= Goal of the exercise =
Retype the opening lines of the listing below, ending with the line that contains "0.5x View of", and leave out any pictures.

--*--

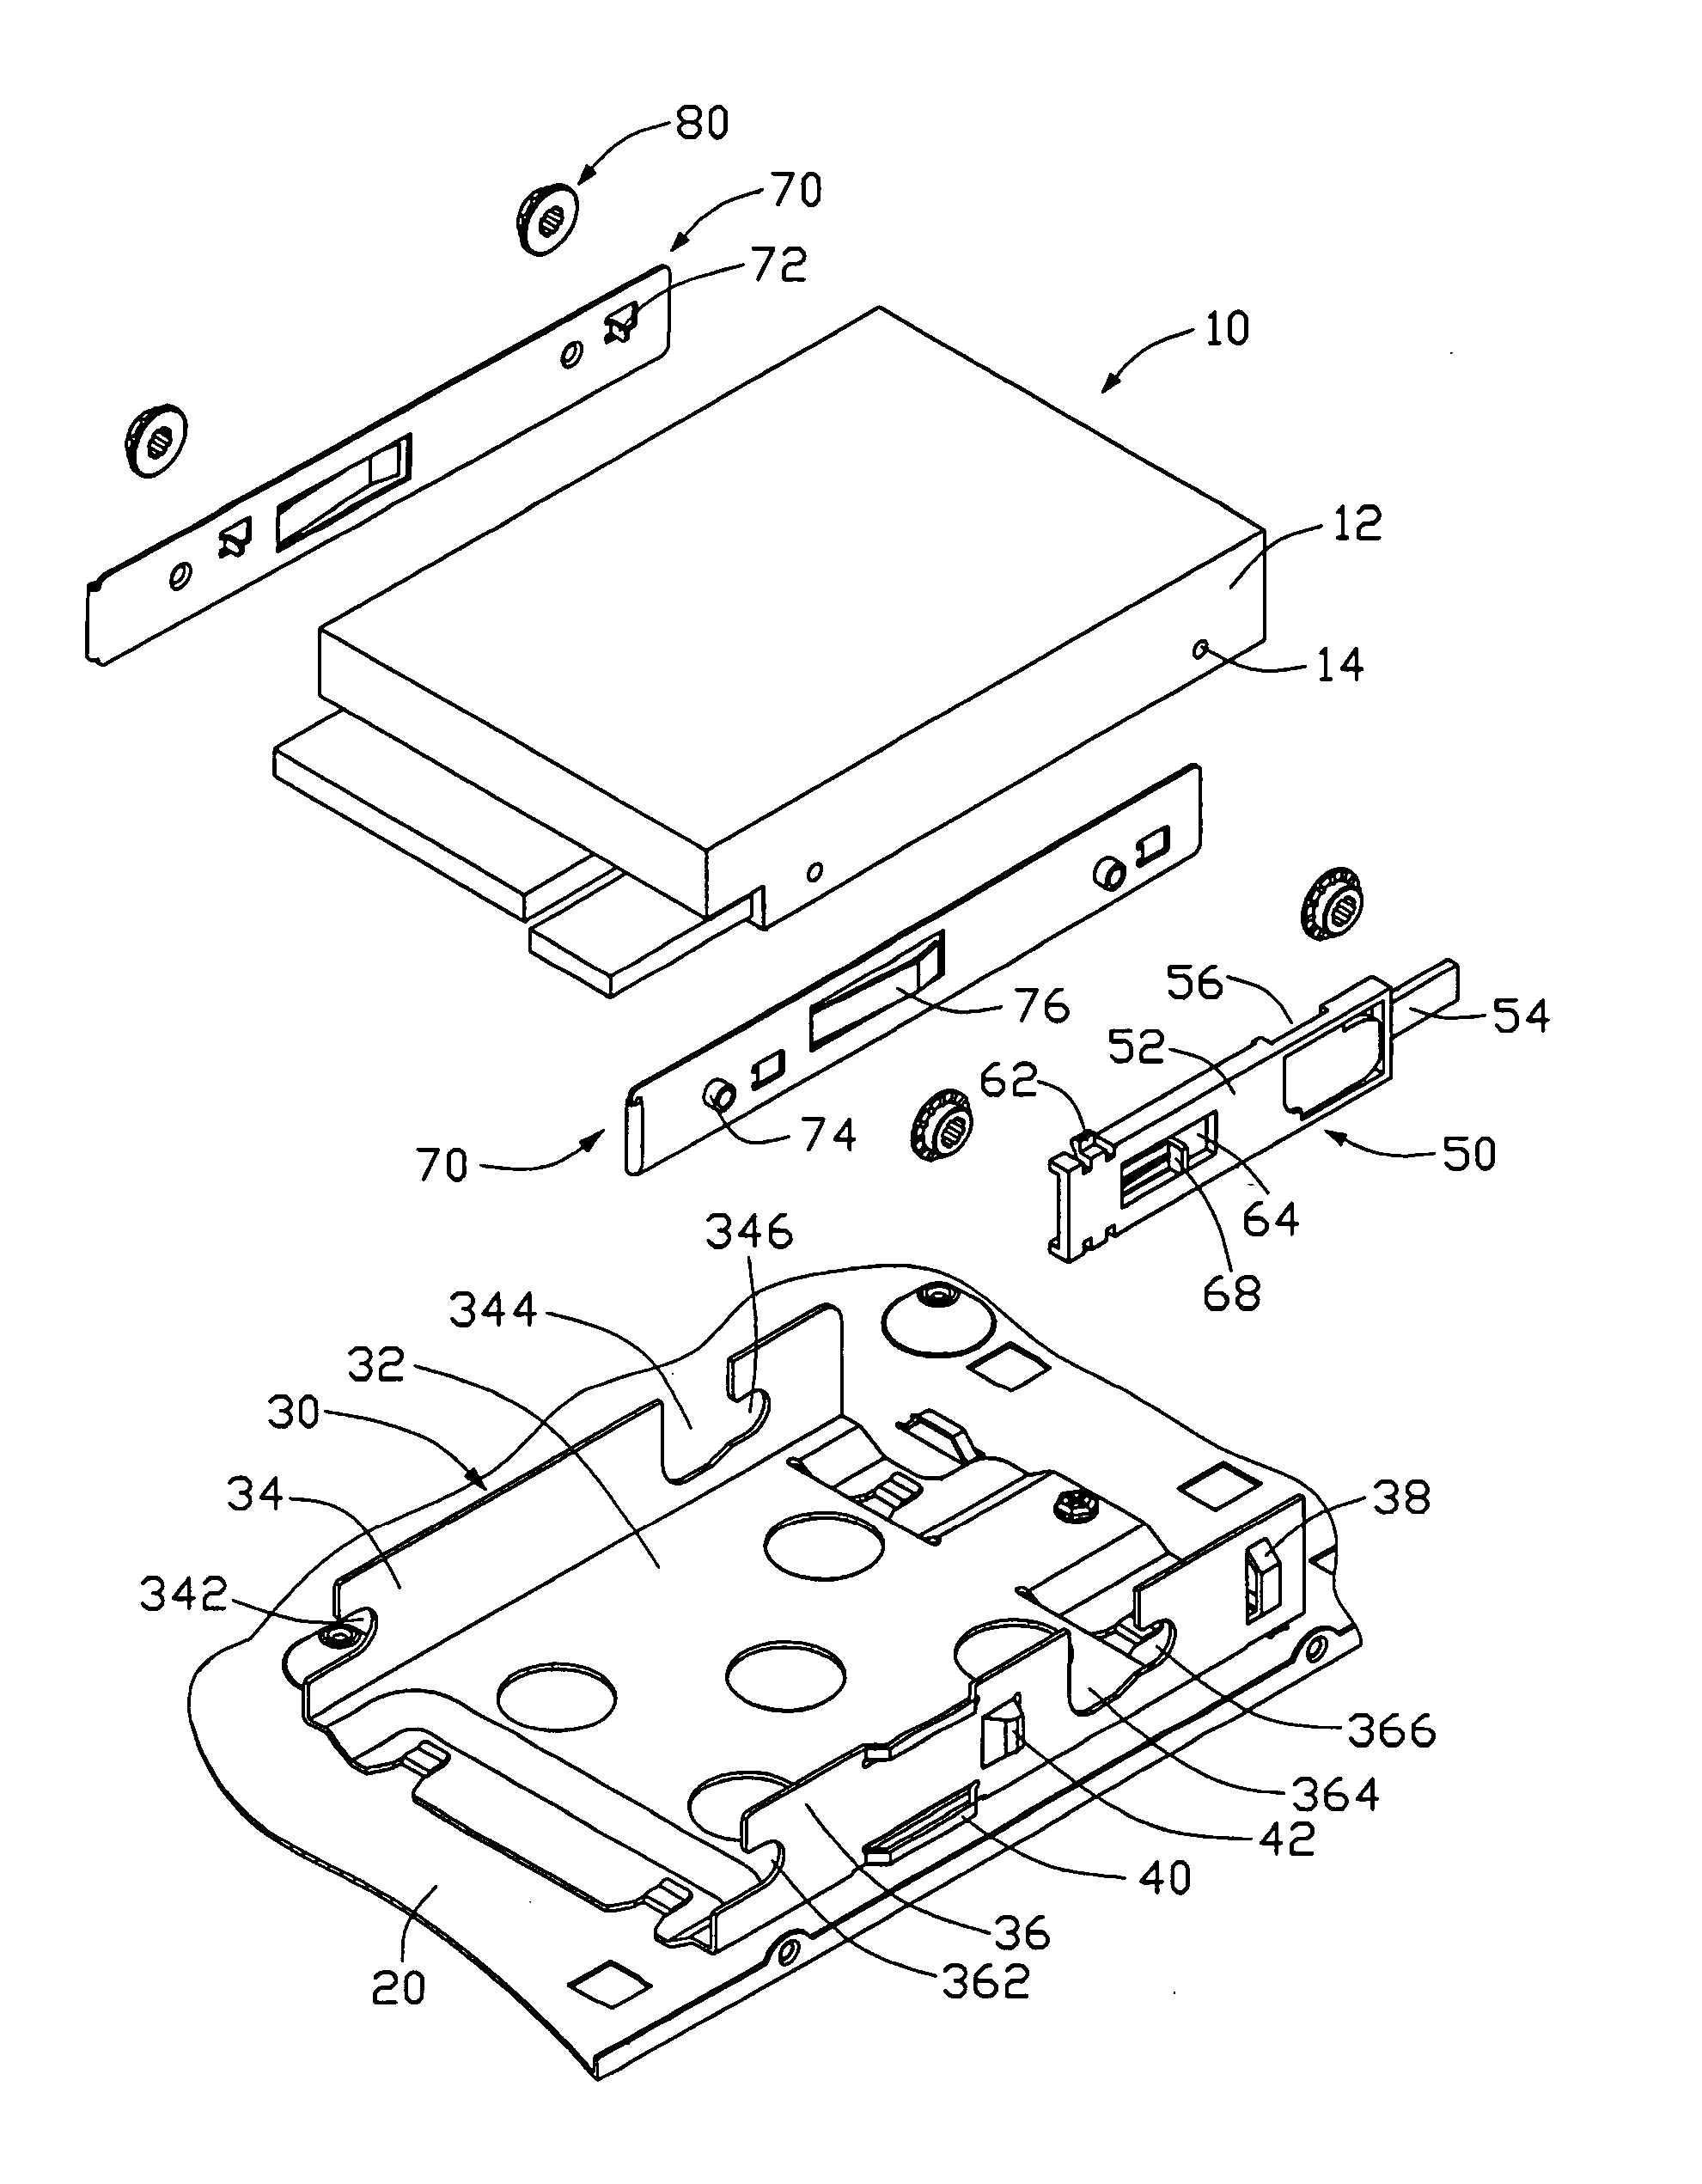 Mounting apparatus for disk drive devices
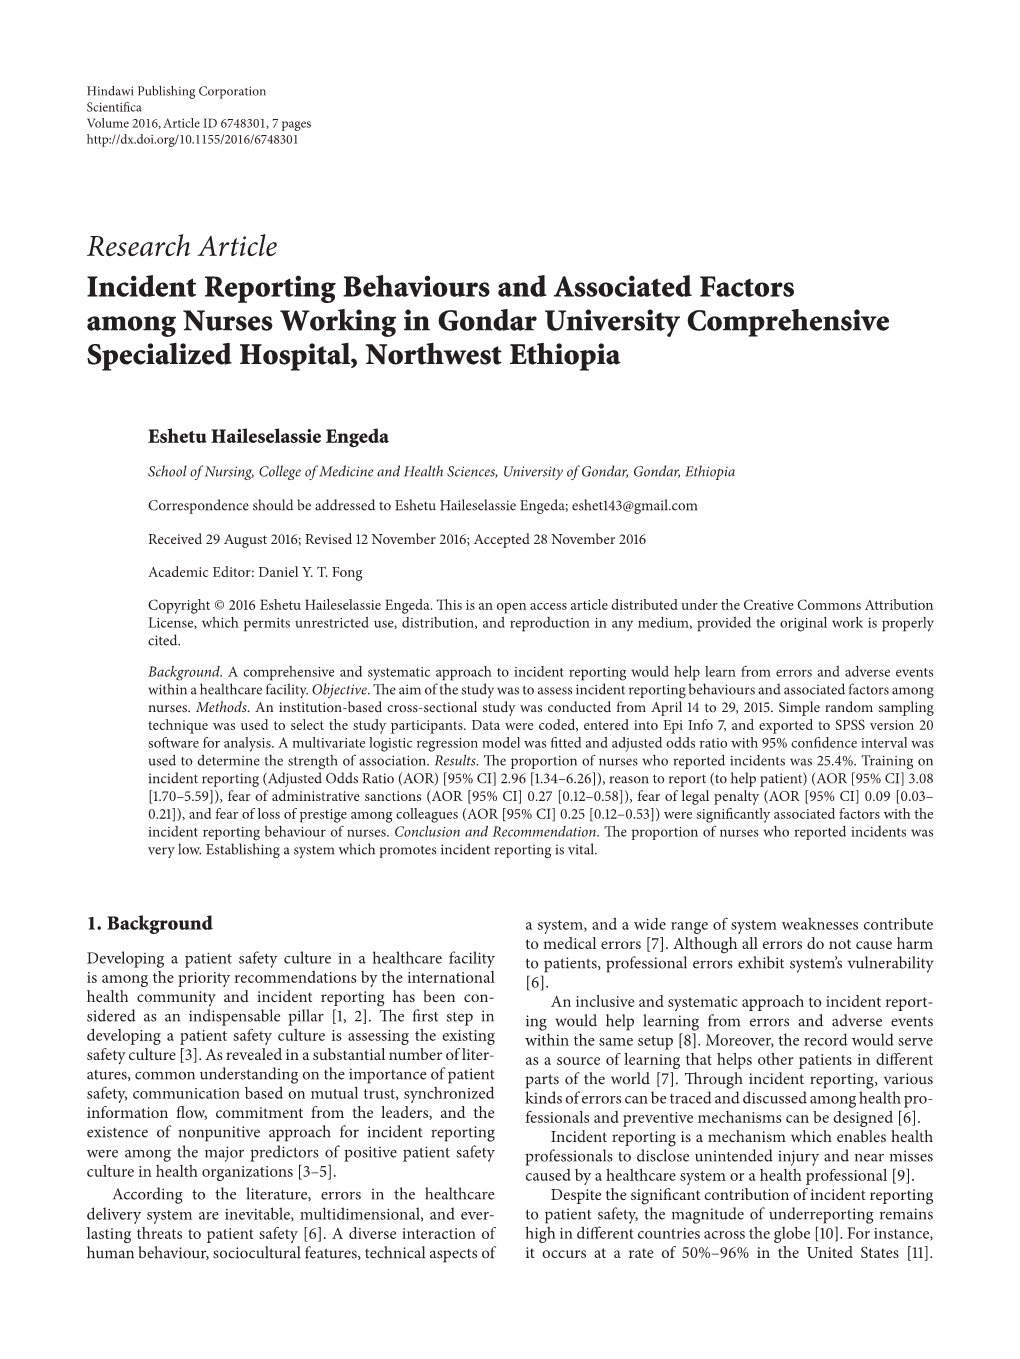 Incident Reporting Behaviours and Associated Factors Among Nurses Working in Gondar University Comprehensive Specialized Hospital, Northwest Ethiopia
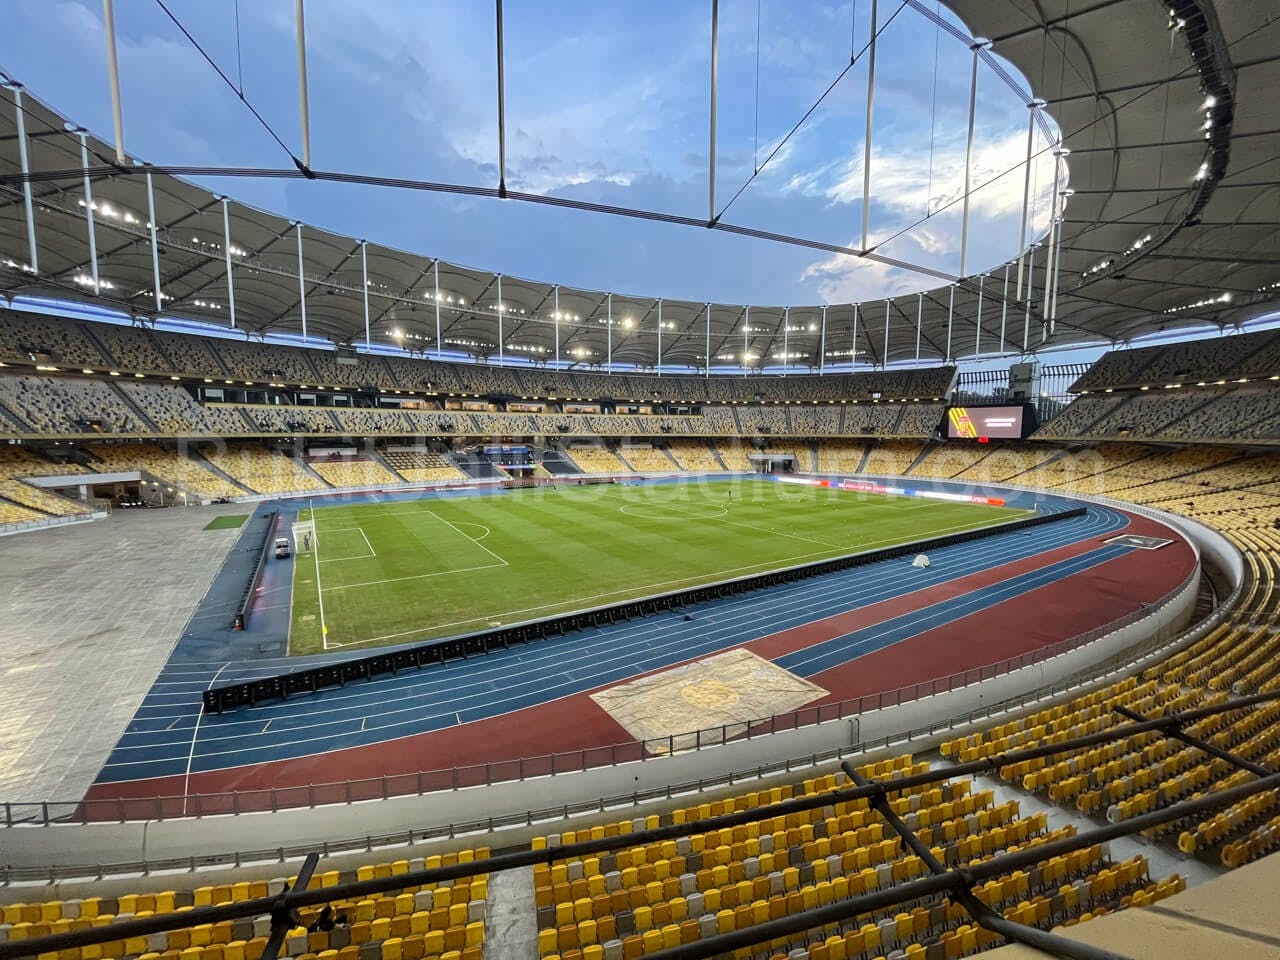 0.5x View of Bukit Jalil field from section 215 of Stadium Bukit Jalil.
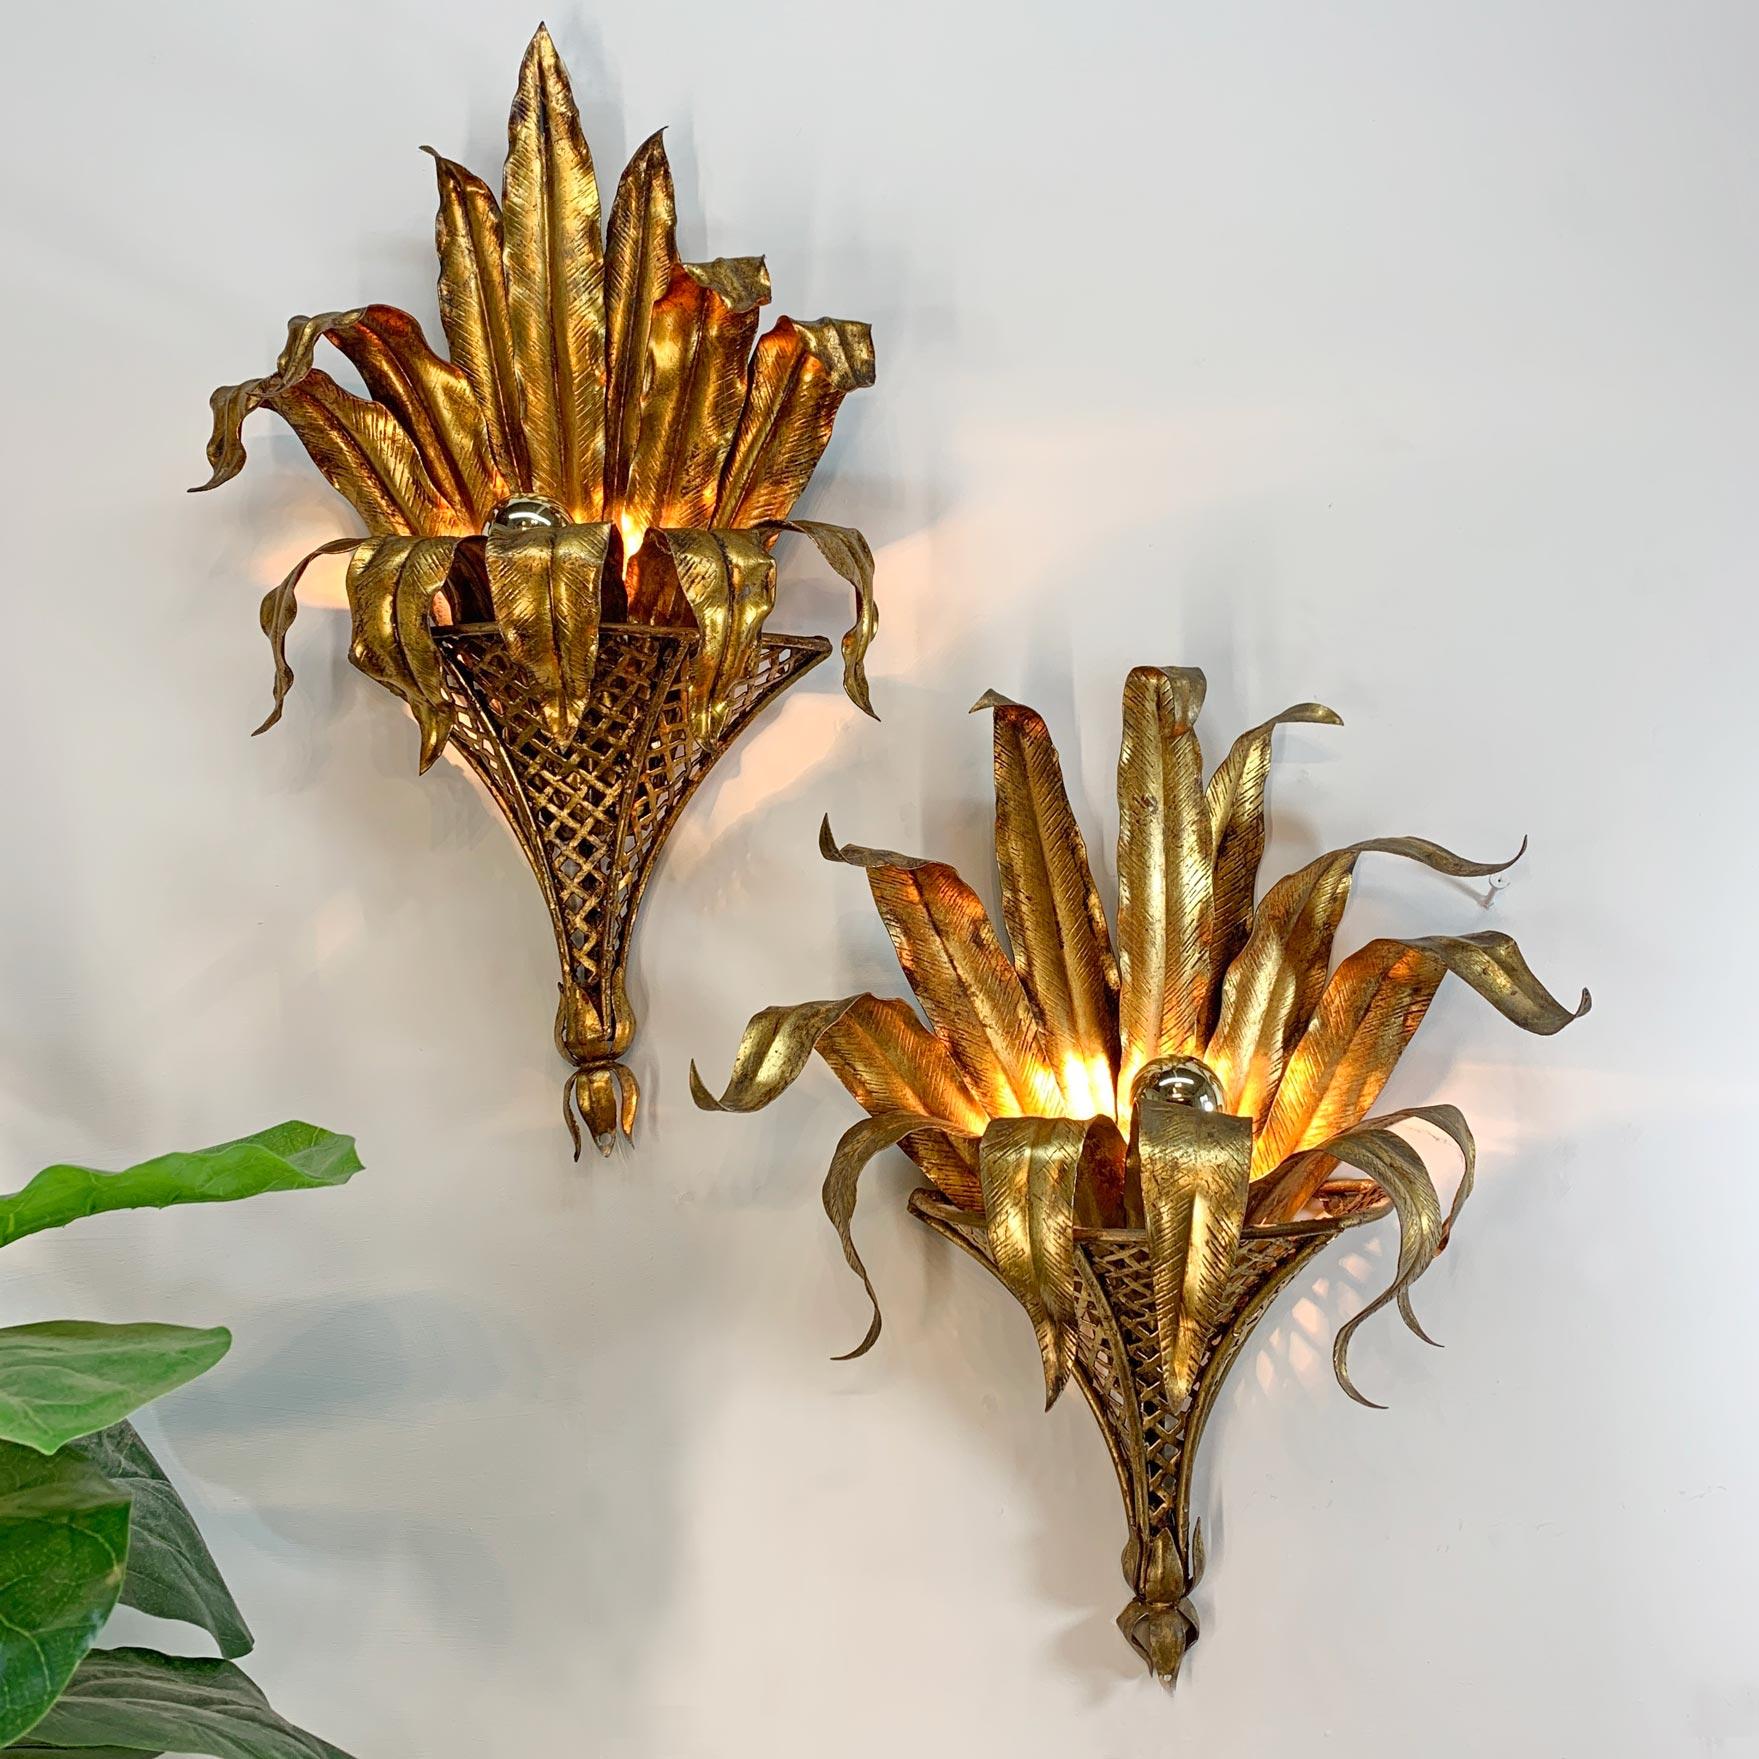 Fabulous pair of 1950’s Italian wall lights, the gilded iron modelled as large, outstretched palm leaves sitting within an upturned coronet. Slight difference in the gilt finish due to the hand-crafted nature of these stunning pieces.

Can be hard

--*--

= Answer space =
 Mounting apparatus for disk drive devices
 Incident Reporting Behaviours and Associated Factors Among Nurses Working in Gondar University Comprehensive Specialized Hospital, Northwest Ethiopia
 0.5x View of Bukit Jalil field from section 215 of Stadium Bukit Jalil.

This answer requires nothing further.